So, have a system that estimates a covariance matrix. The scenario occurs where at time step $t$, I will either have a Gaussian with covariance matrix $\Sigma_A$ with probability $p$ or $\Sigma_B$ with probability $1-p$. The mean is the same in both cases.
This scenario seems odd, but essentially, I have an estimator, and I am predicting if observation will be made or not. I know the probability $p$ of such an observation occurring.

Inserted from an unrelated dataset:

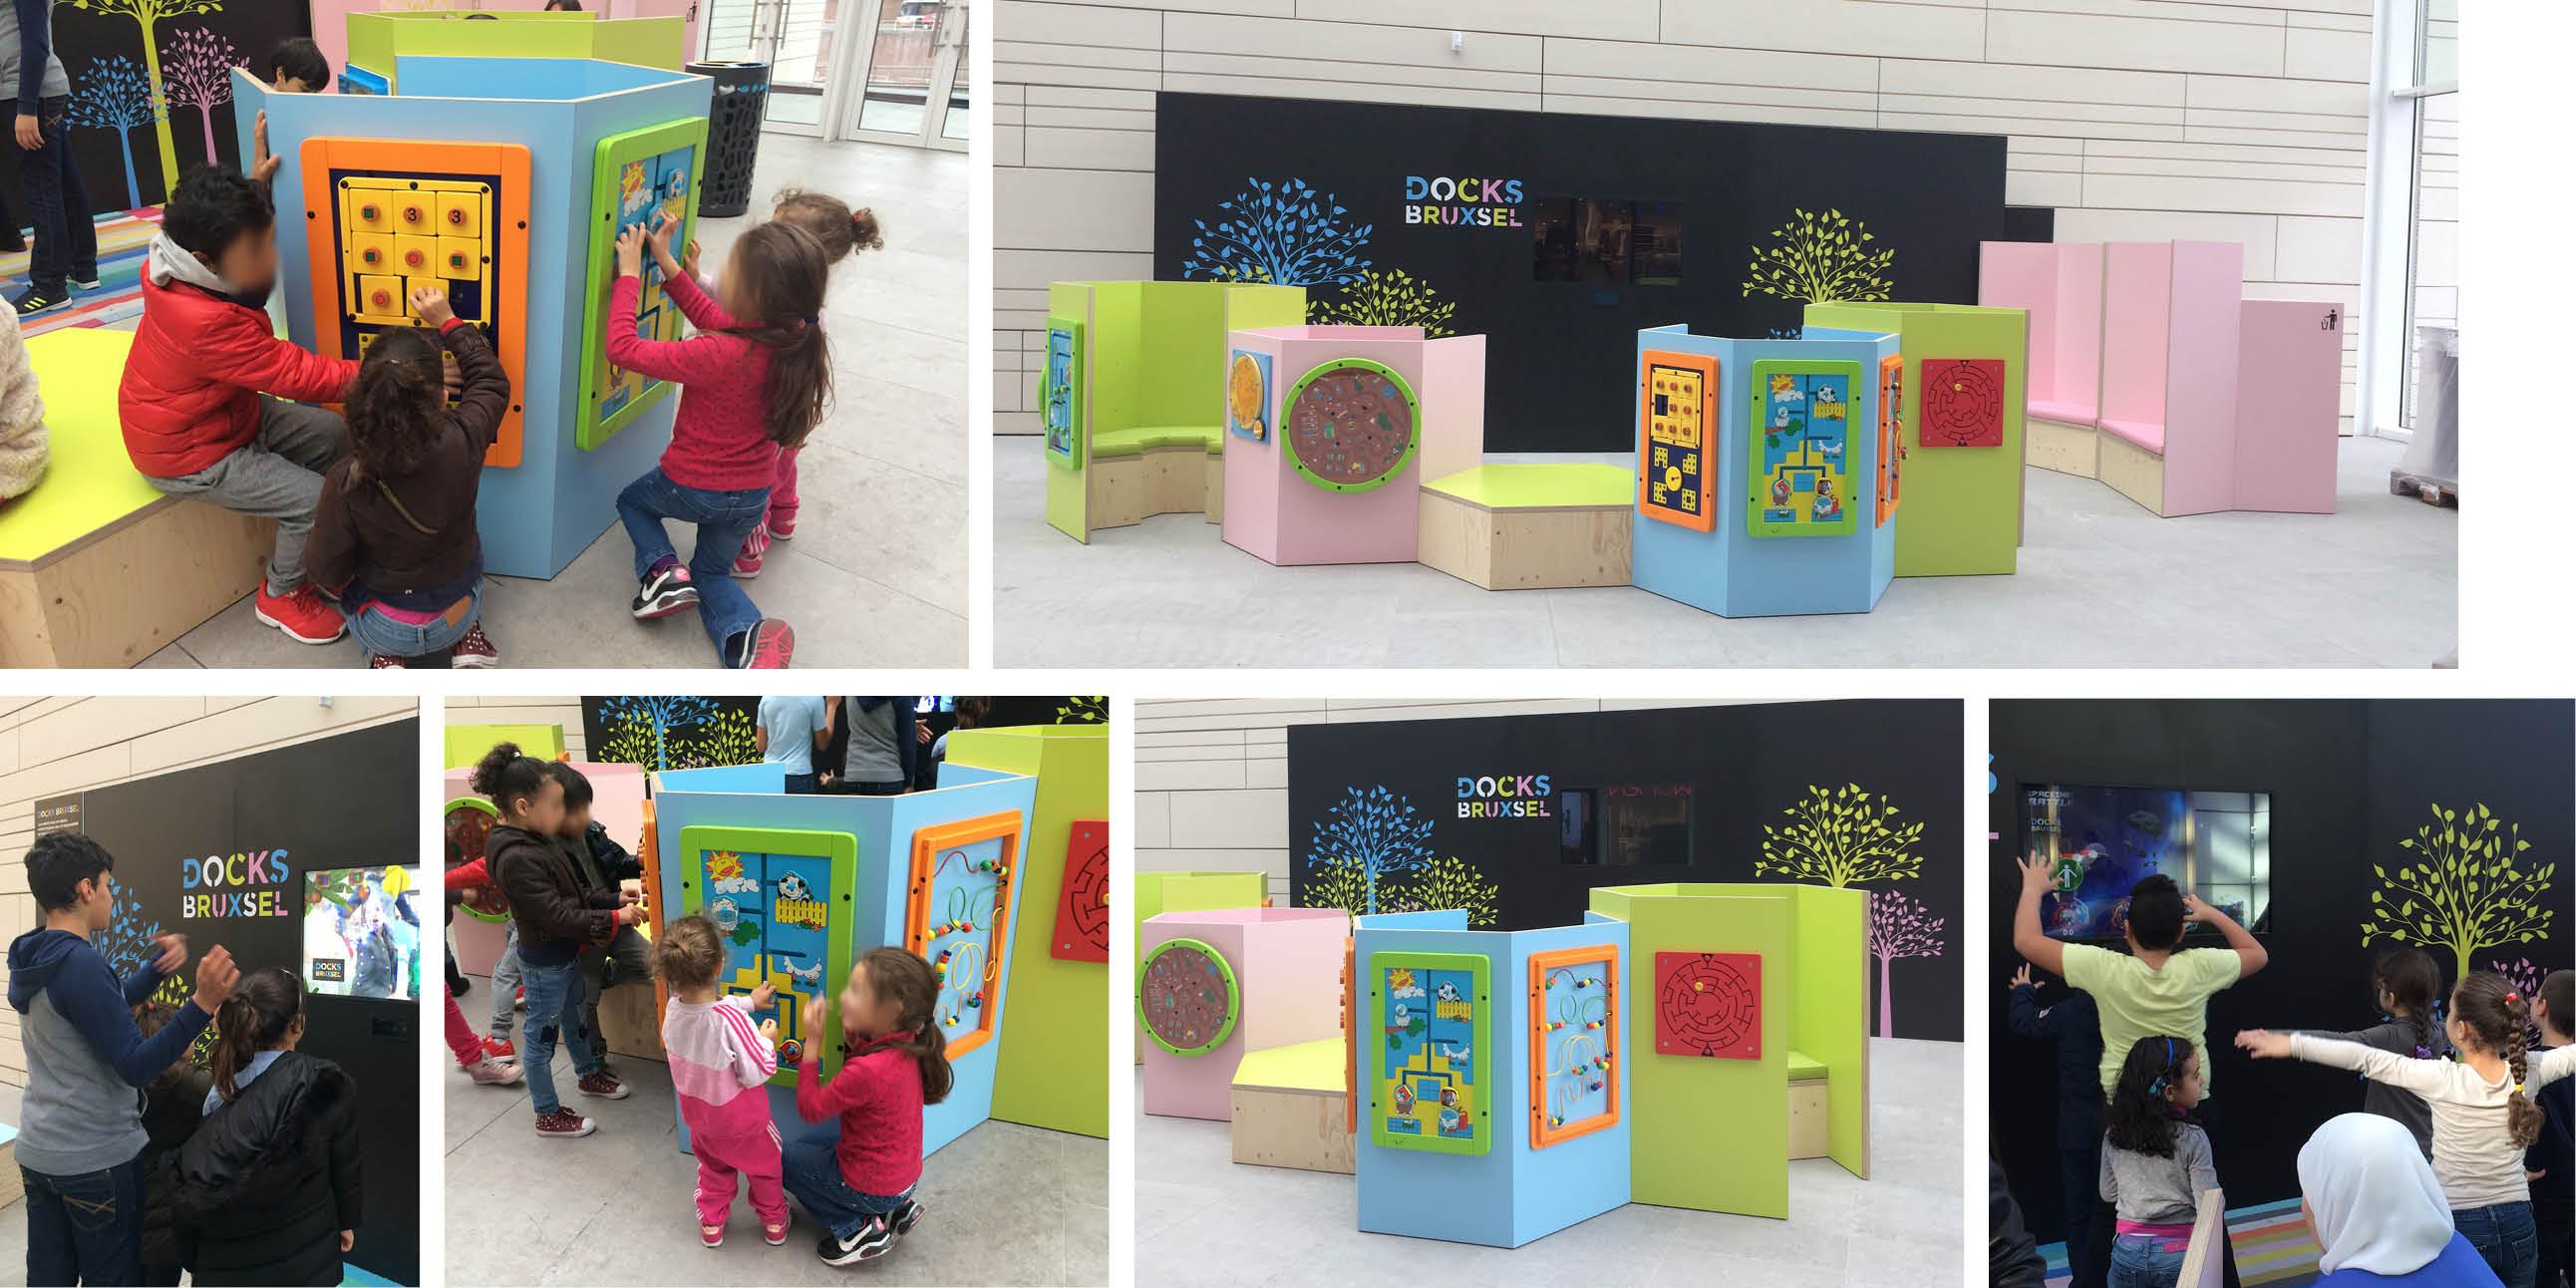 espace enfant centre commercial bruxelles advita. Black Bedroom Furniture Sets. Home Design Ideas

Is this simply just $\Sigma_t = p\Sigma_A + (1-p)\Sigma_B$?
One interpretation is $$X=Y\Sigma^{1/2}_AZ+(1-Y)\Sigma^{1/2}_BZ,\quad (Y,Z)\sim \mathrm{Bern}(p)\otimes\mathcal N(0,I_p)$$Hence
$$E(\exp(i\langle u, X\rangle)\mid Y) = \exp(-\langle (Y\Sigma^{1/2}_A+(1-Y)\Sigma^{1/2}_B)^2u ,u\rangle/2)$$
Taking expectations shows that $X$ is not gaussian.

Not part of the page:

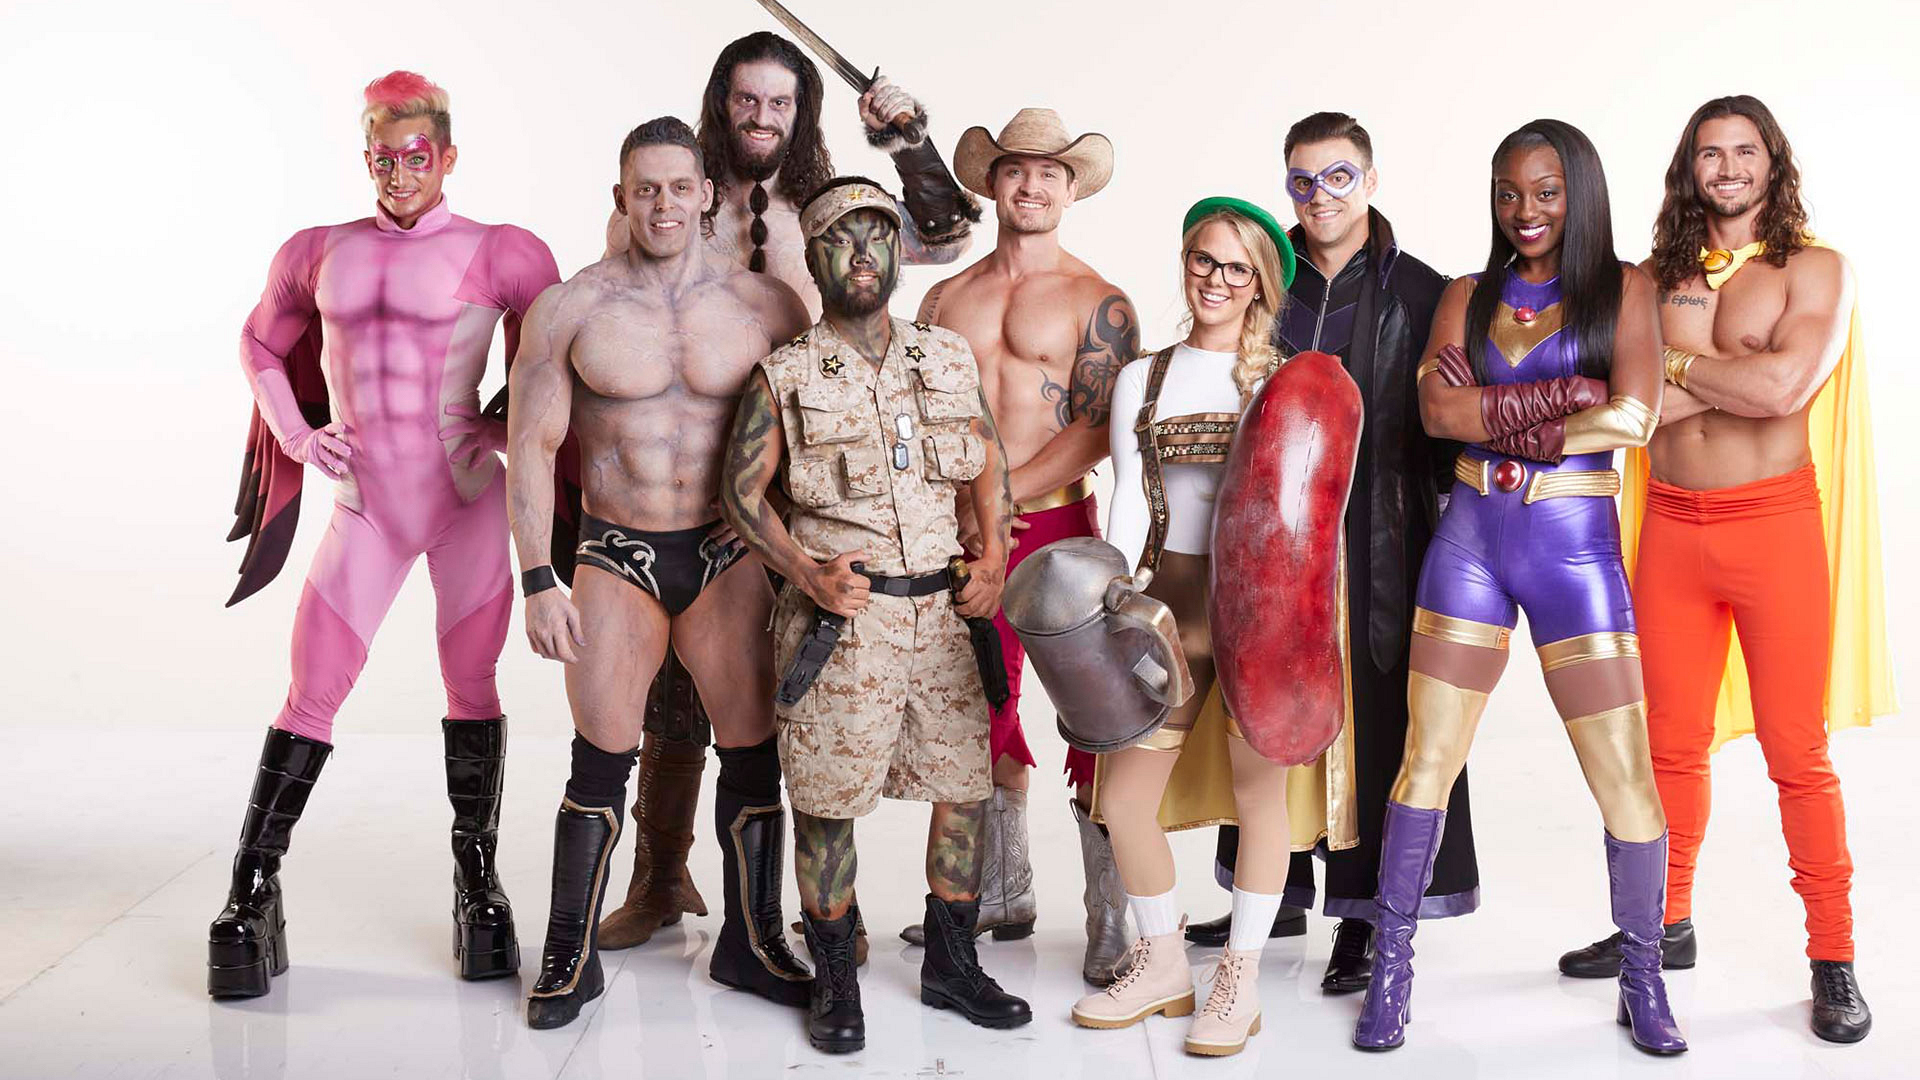 The world's greatest superhero squad?

On the other hand, a simple calculation shows $$\mathrm{Cov} X = p\Sigma_A +q\Sigma_B$$
There is another interpretation that $$X=Y\Sigma_A^{1/2}Z_1+(1-Y)\Sigma_B^{1/2}Z_2,\quad (Z_1,Z_2)\sim \mathcal N(0,I_p)\otimes \mathcal N(0,I_p)$$ A similar calculation yields the same answer as before.